Exercise objective: Retype all of the listing exactly, with no pictures.

Dataset content:
---+---

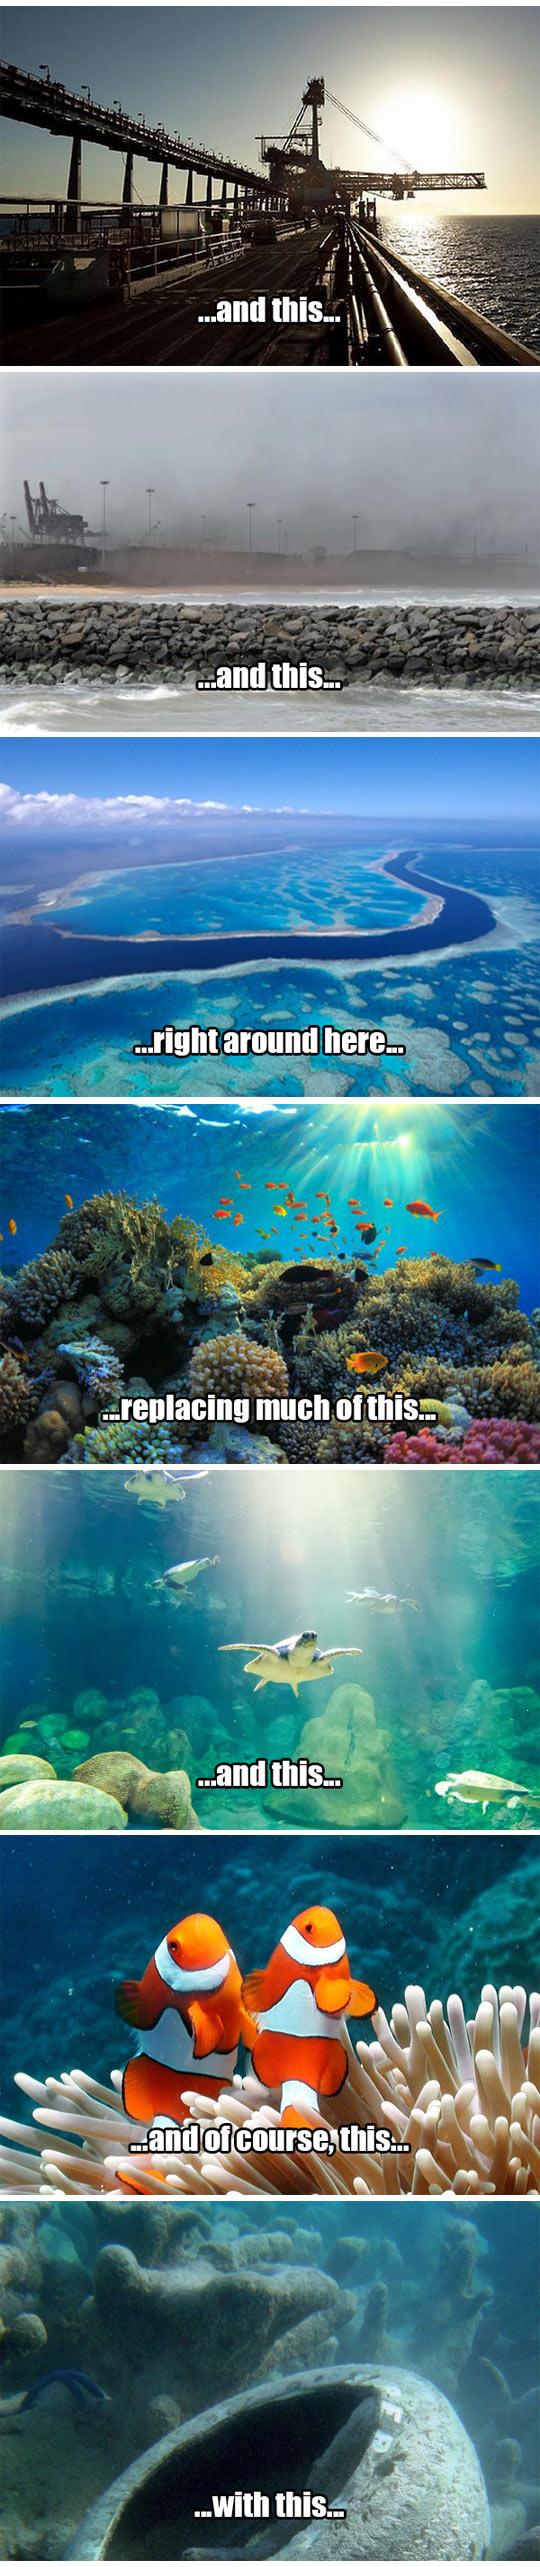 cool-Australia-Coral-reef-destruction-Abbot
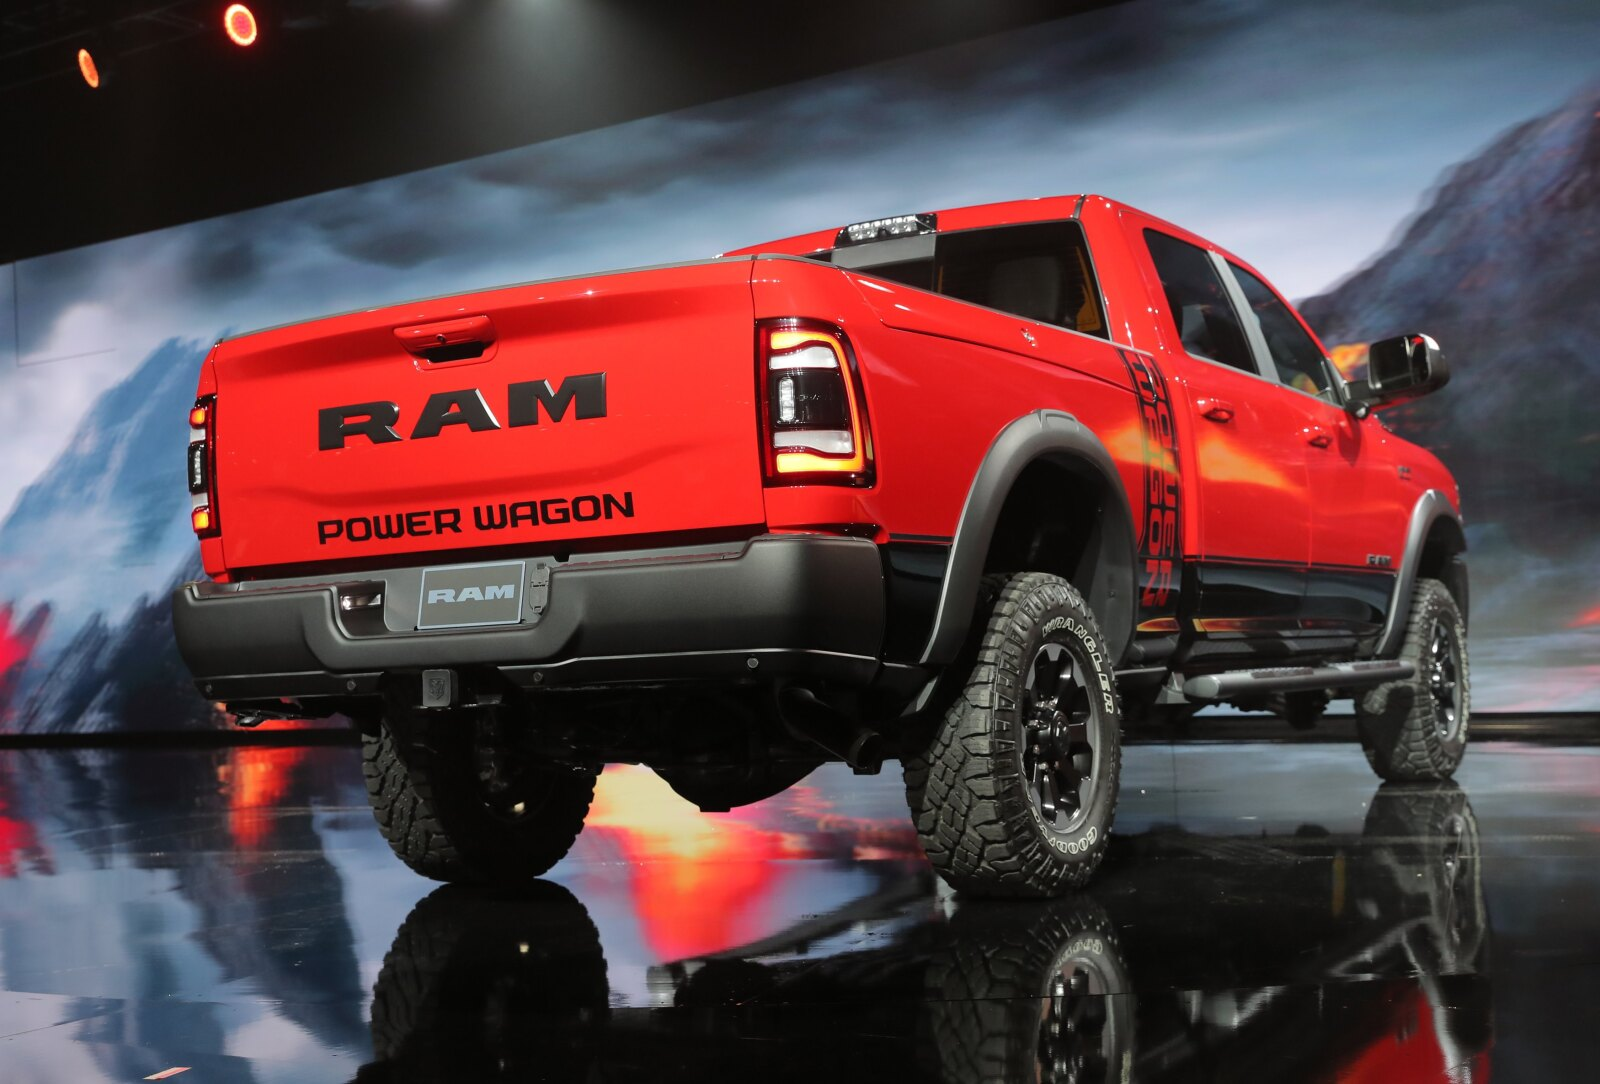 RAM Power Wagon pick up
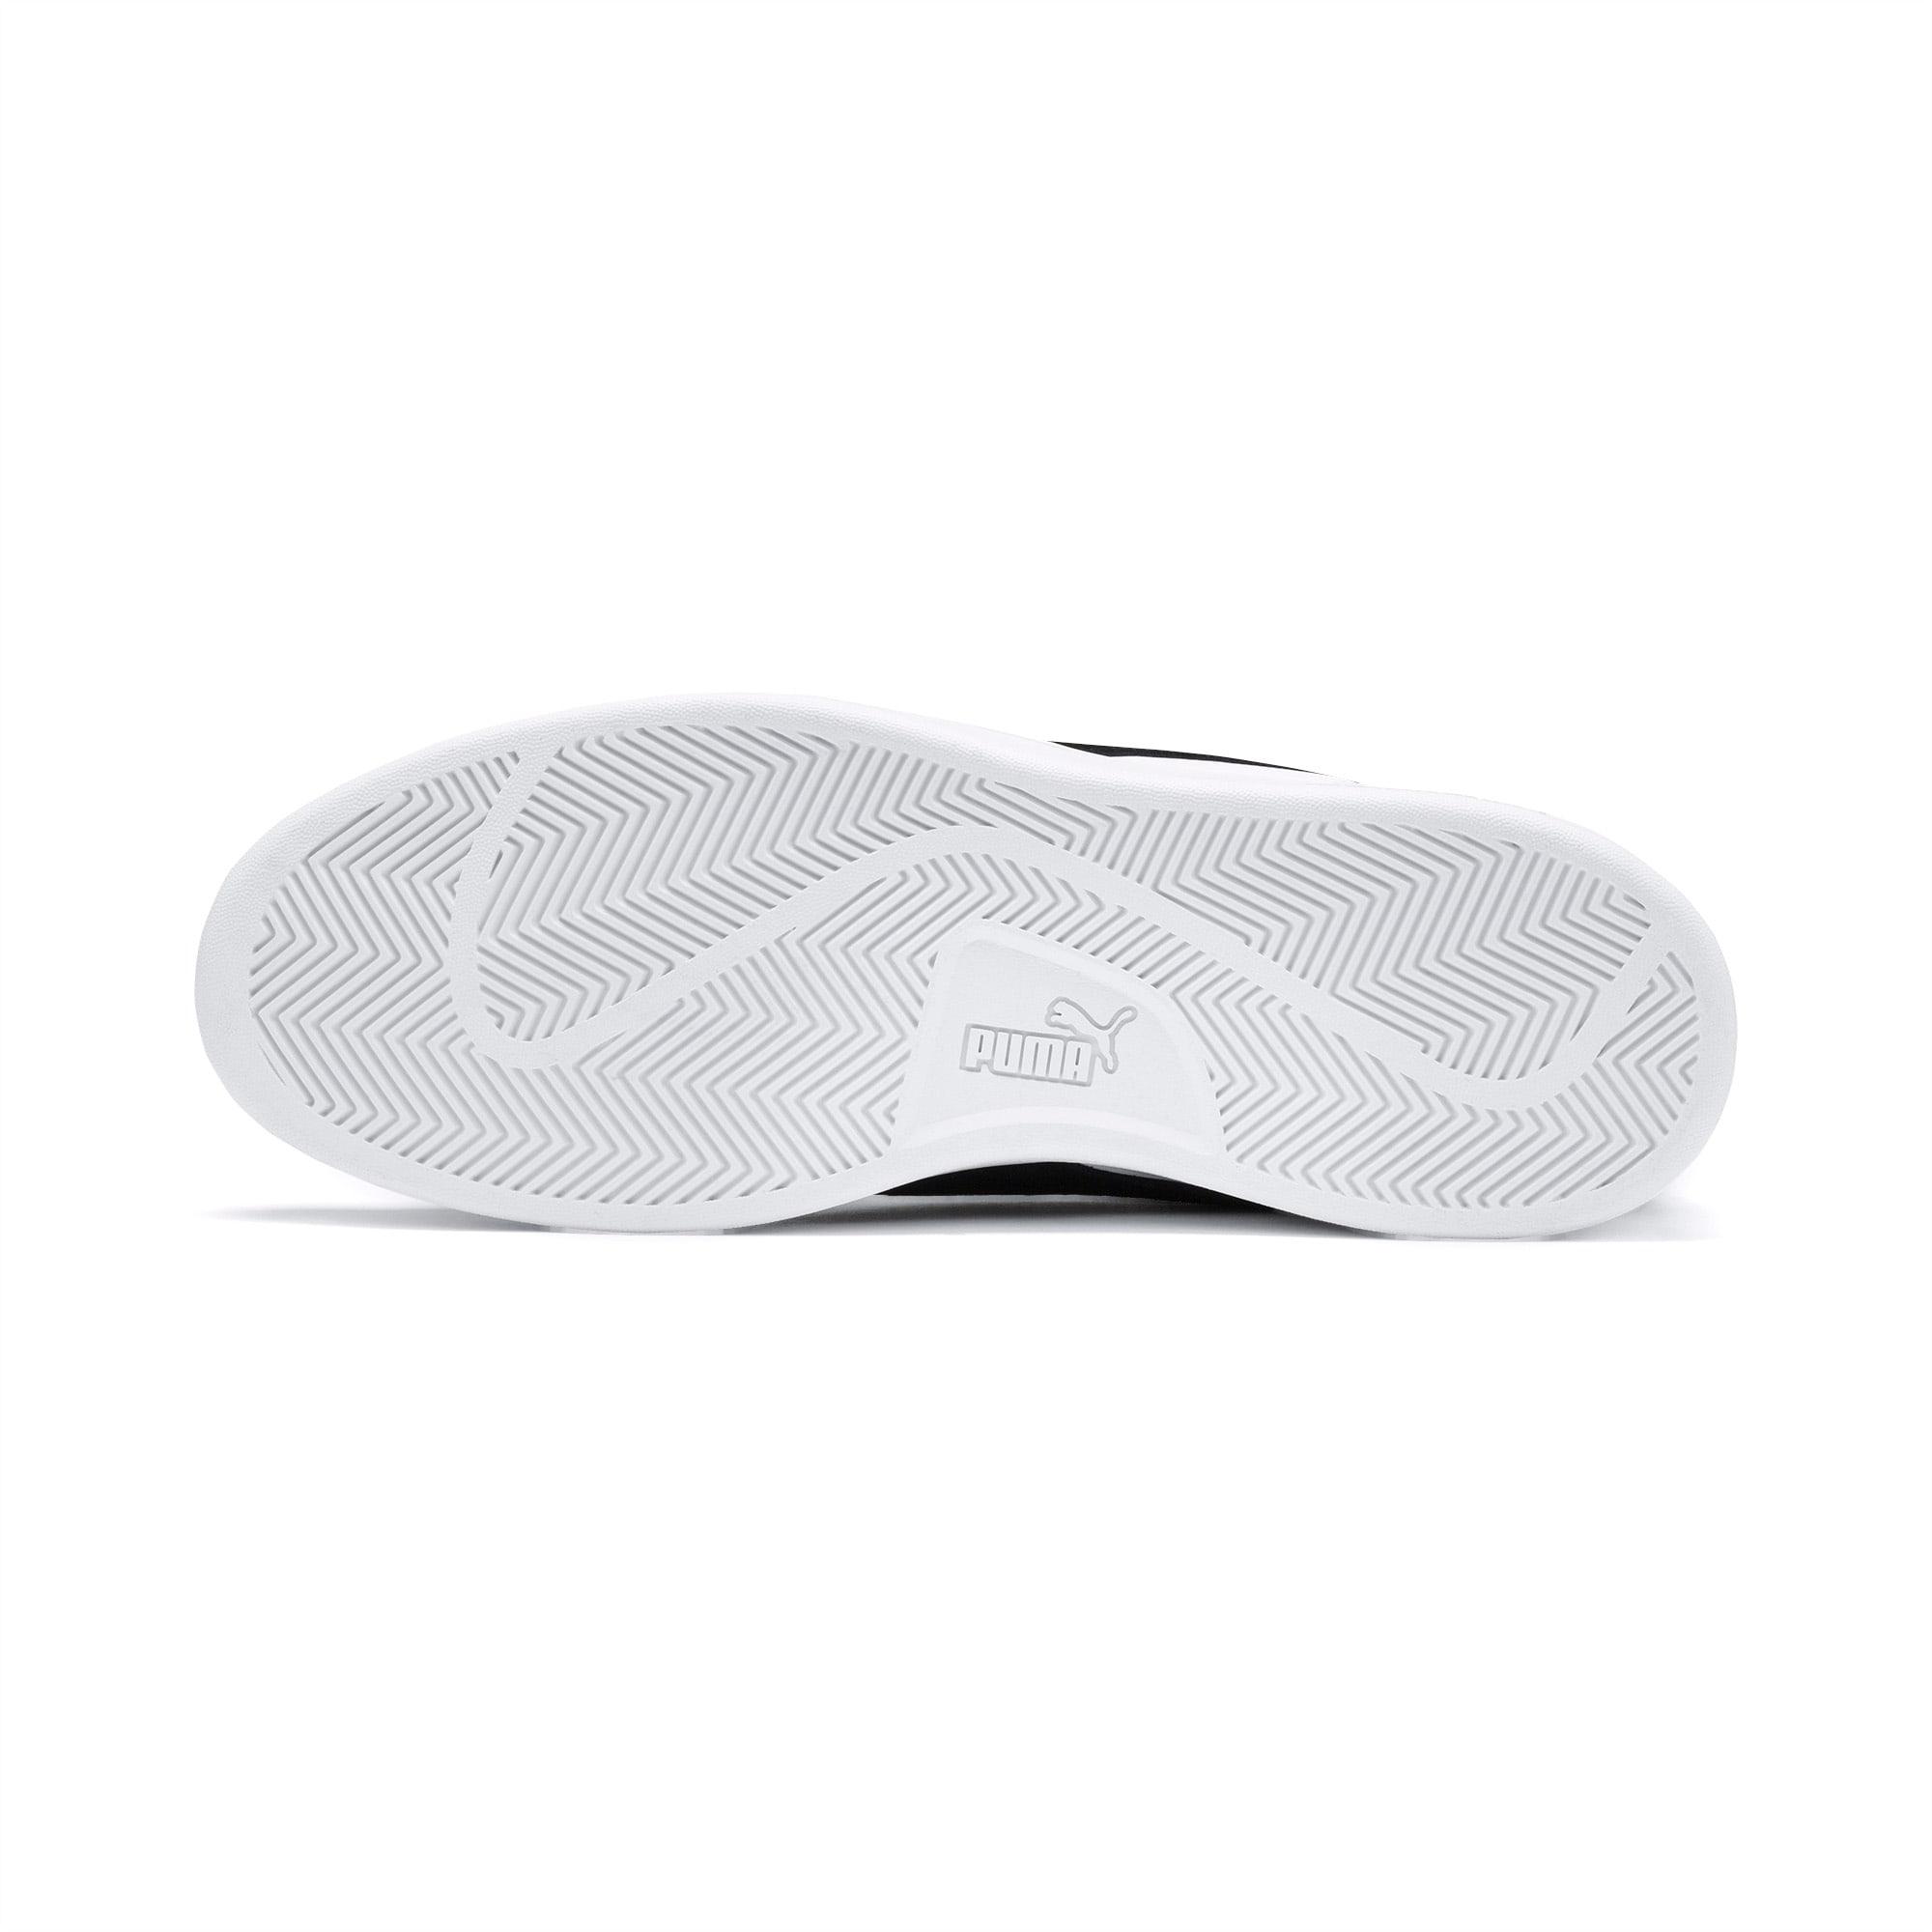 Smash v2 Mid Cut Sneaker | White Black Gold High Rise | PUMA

---+---

Output of the exercise:
 cool-Australia-Coral-reef-destruction-Abbot
 RAM Power Wagon pick up
 Smash v2 Mid Cut Sneaker | White Black Gold High Rise | PUMA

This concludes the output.